Зяблик вздрогнул, услышав этот голос из памяти, и всё удовольствие, всё чувство превосходства — испарились. Он был всего лишь жалким куском дерьма. Прав, прав был Левмир, задавая свой вопрос. Такие, как Зяблик, не достойны жить на кораблях смертников. Здесь совсем другие люди нужны, а такие, как он — только в городе могут считаться достойными. Но город остался далеко, и возврата к нему нет. А жизнь продолжалась, и оборвать её не поднималась рука.

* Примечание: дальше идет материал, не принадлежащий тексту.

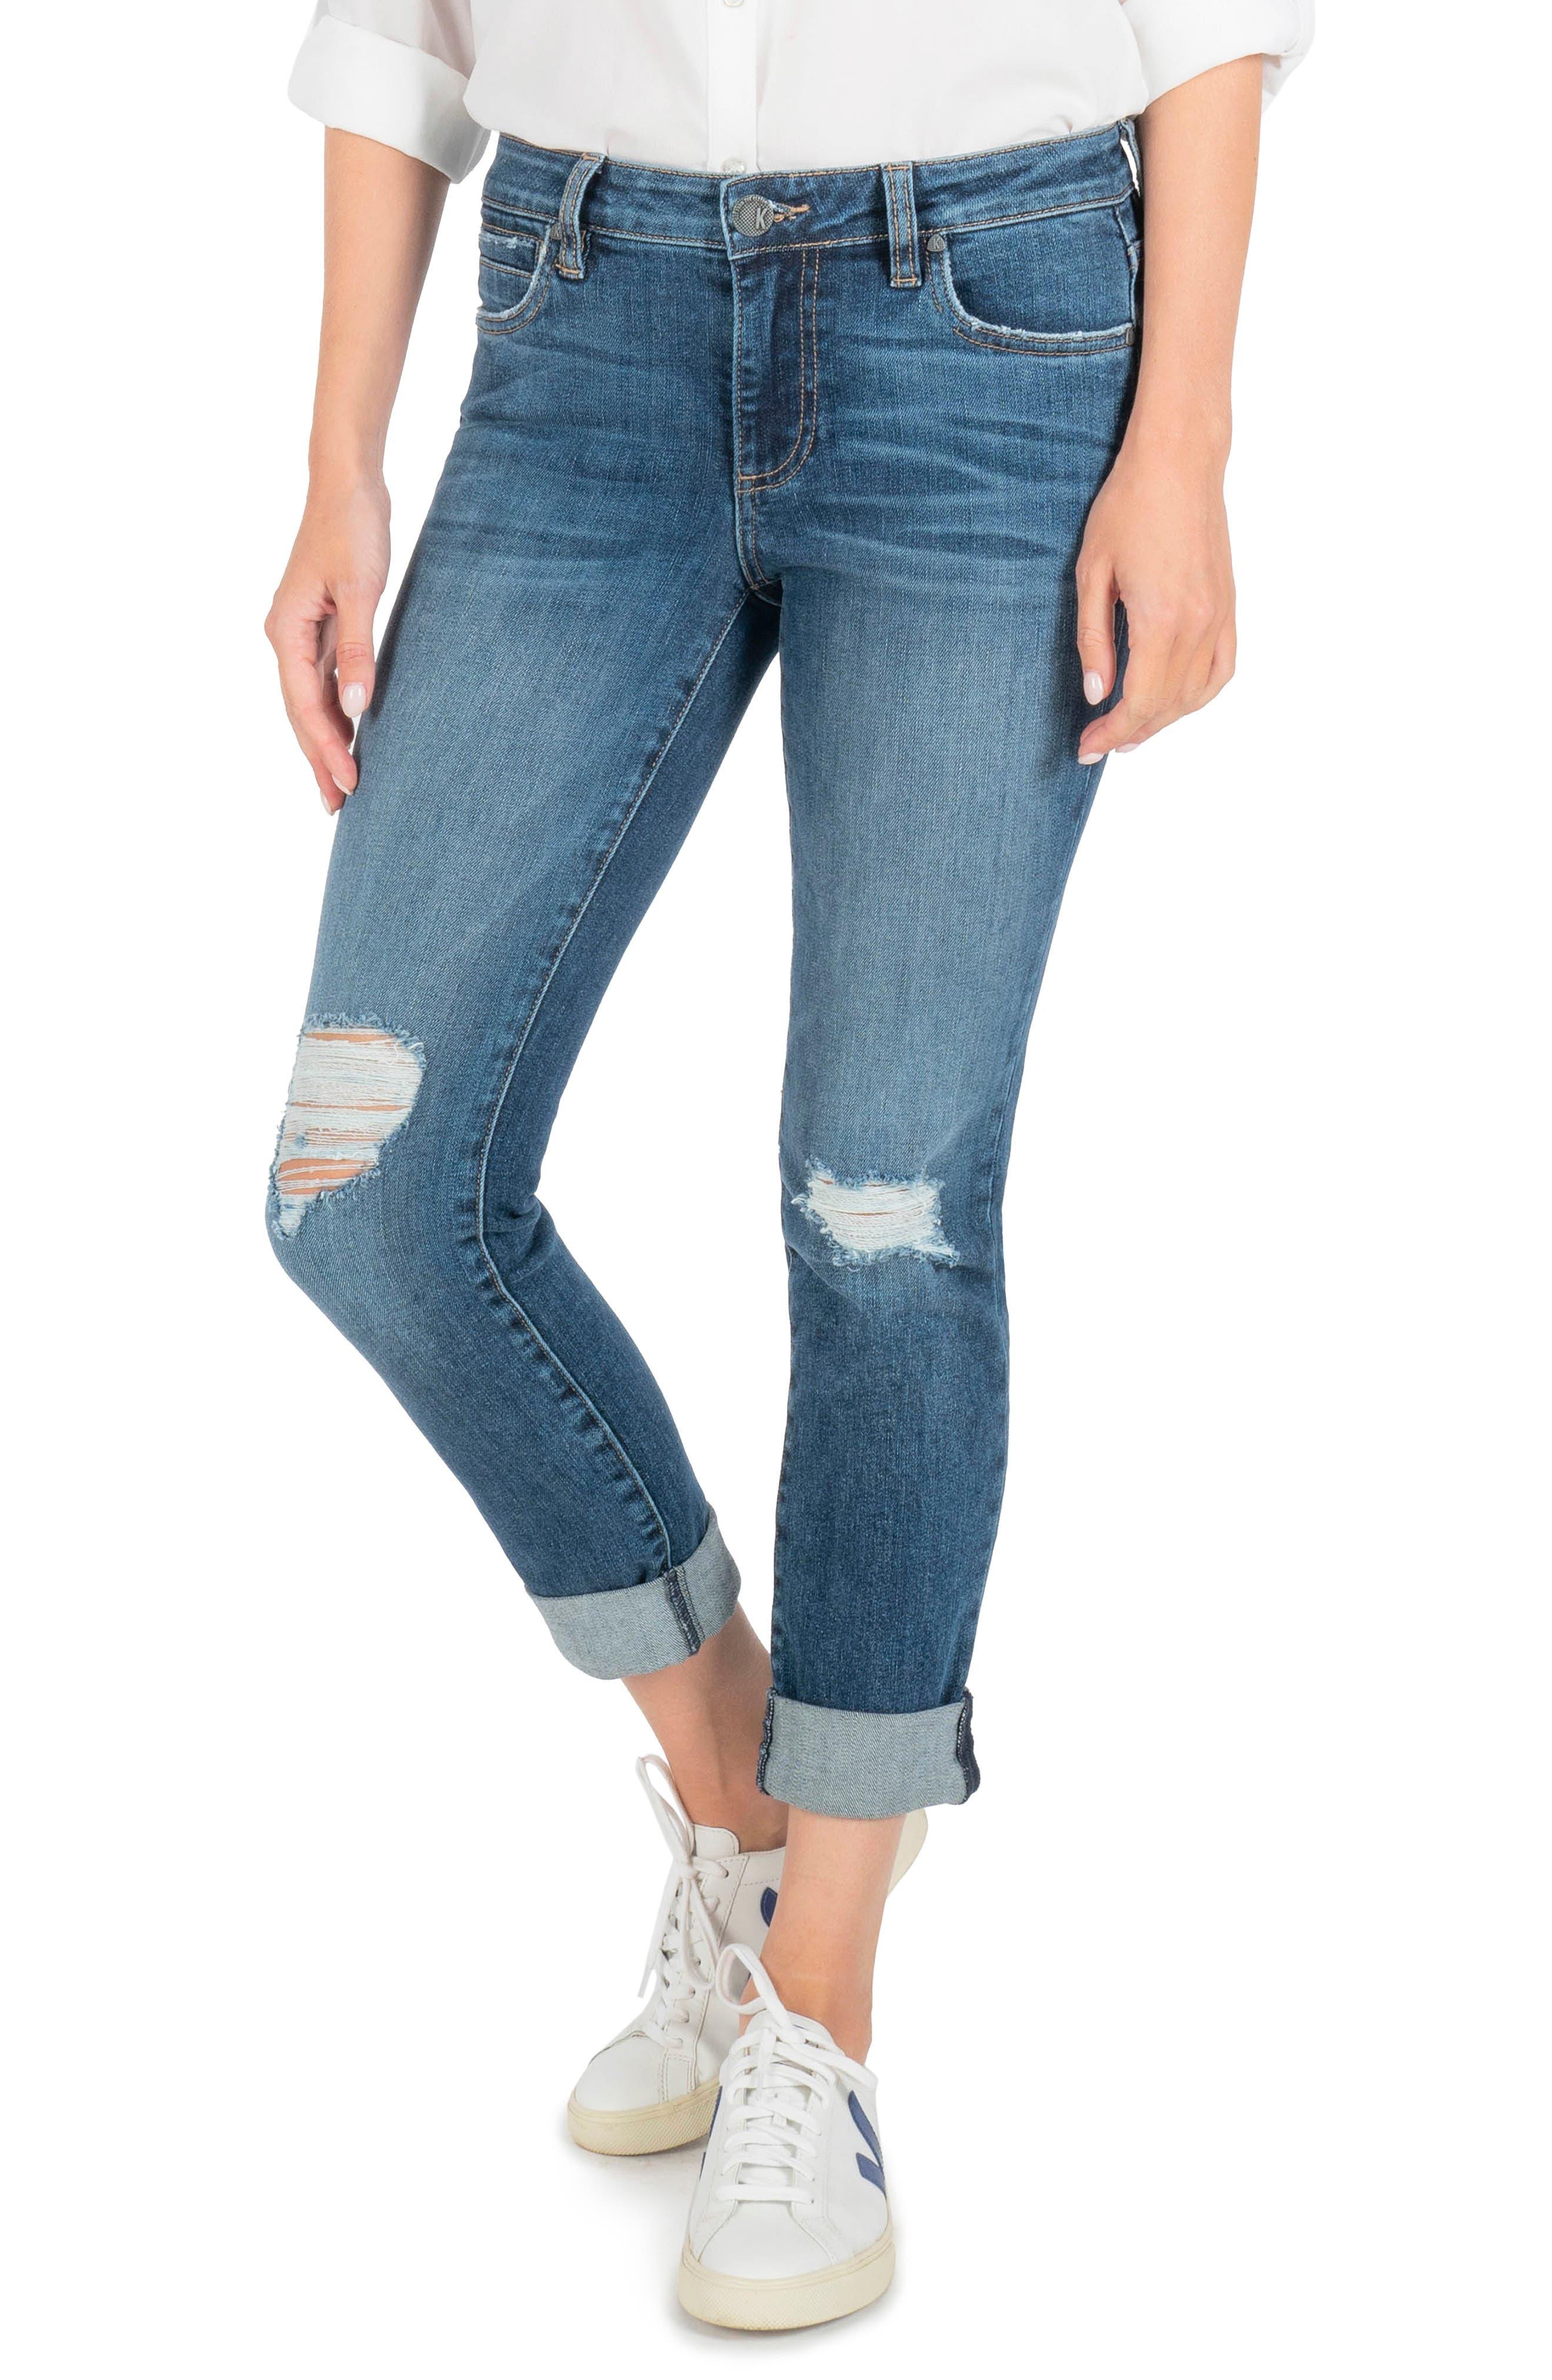 Catherine Ripped High Waist Boyfriend Jeans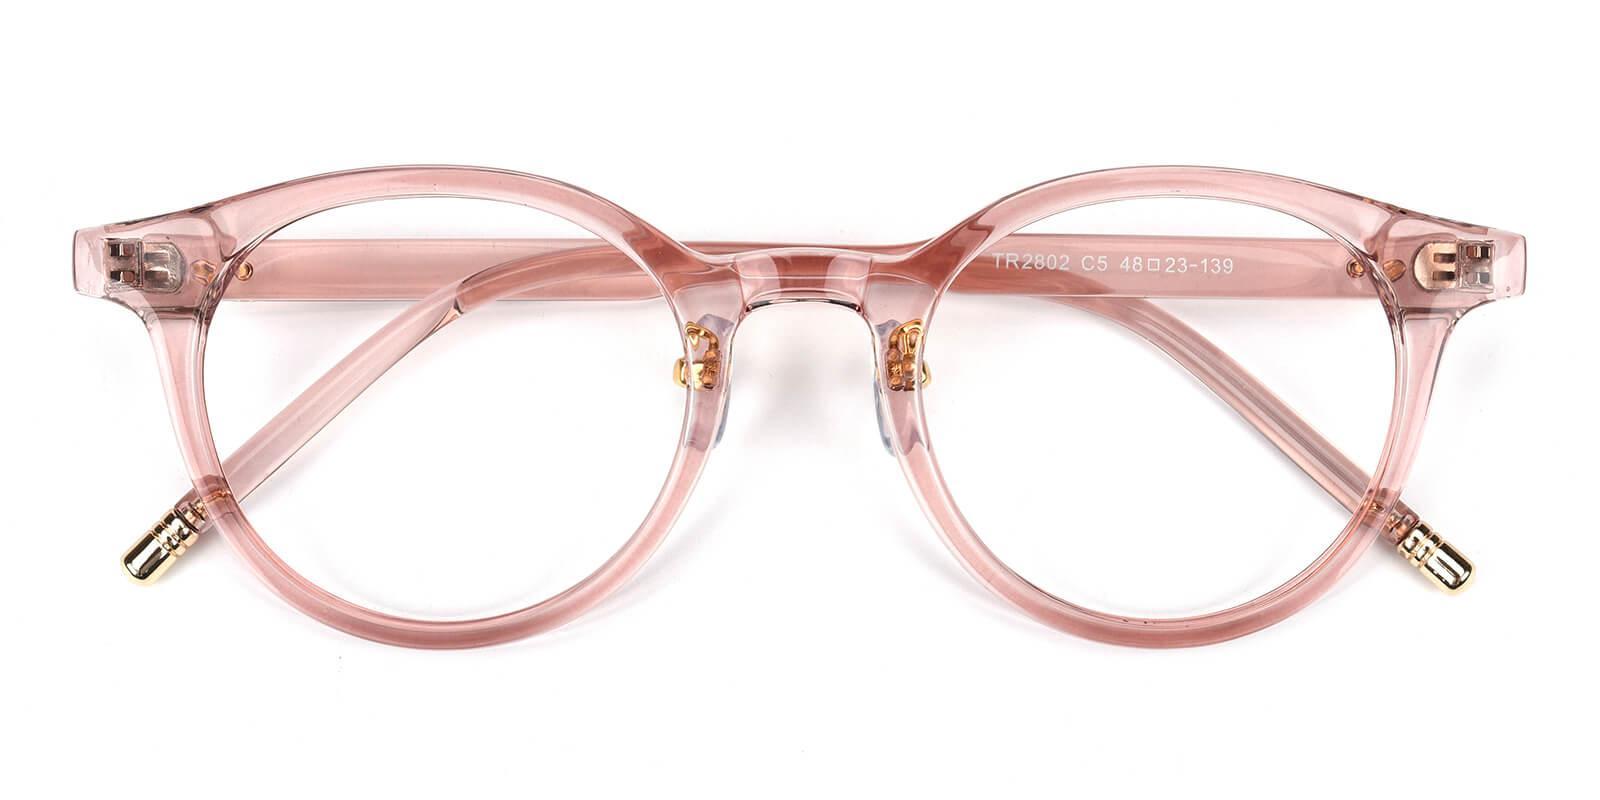 Kron-Pink-Round-TR-Eyeglasses-detail

Зачем-то Зяблик всё ещё хотел жить.
Отойдя подальше от костра «Летящих к Солнцу», он вздохнул свободнее. Здесь его уже не знали и можно было идти не таясь. Но стоило найти костёр «Утренней птахи», как Зяблика признали.
— О! — послышались возгласы. — Гля, какие гости. Зяблик прилетел. Что, соскучился по нам?
Пока не трогали, только смеялись, бросались обидными словами. Зяблик, опустив голову и стиснув зубы, шел между сидящими людьми, которые брезгливо отодвигались. Нырок обнаружился неподалеку от костра. Лежал спиной к огню и, казалось, спал. Зяблик присел рядом и потрогал друга за плечо.
Тот открыл глаза, совершенно ясные, сна там не было и в помине.
— Чего тебе?
Зяблик это мужественно проглотил. Ему-то казалось, что после долгой разлуки друг будет рад его видеть. Но не разворачиваться же теперь.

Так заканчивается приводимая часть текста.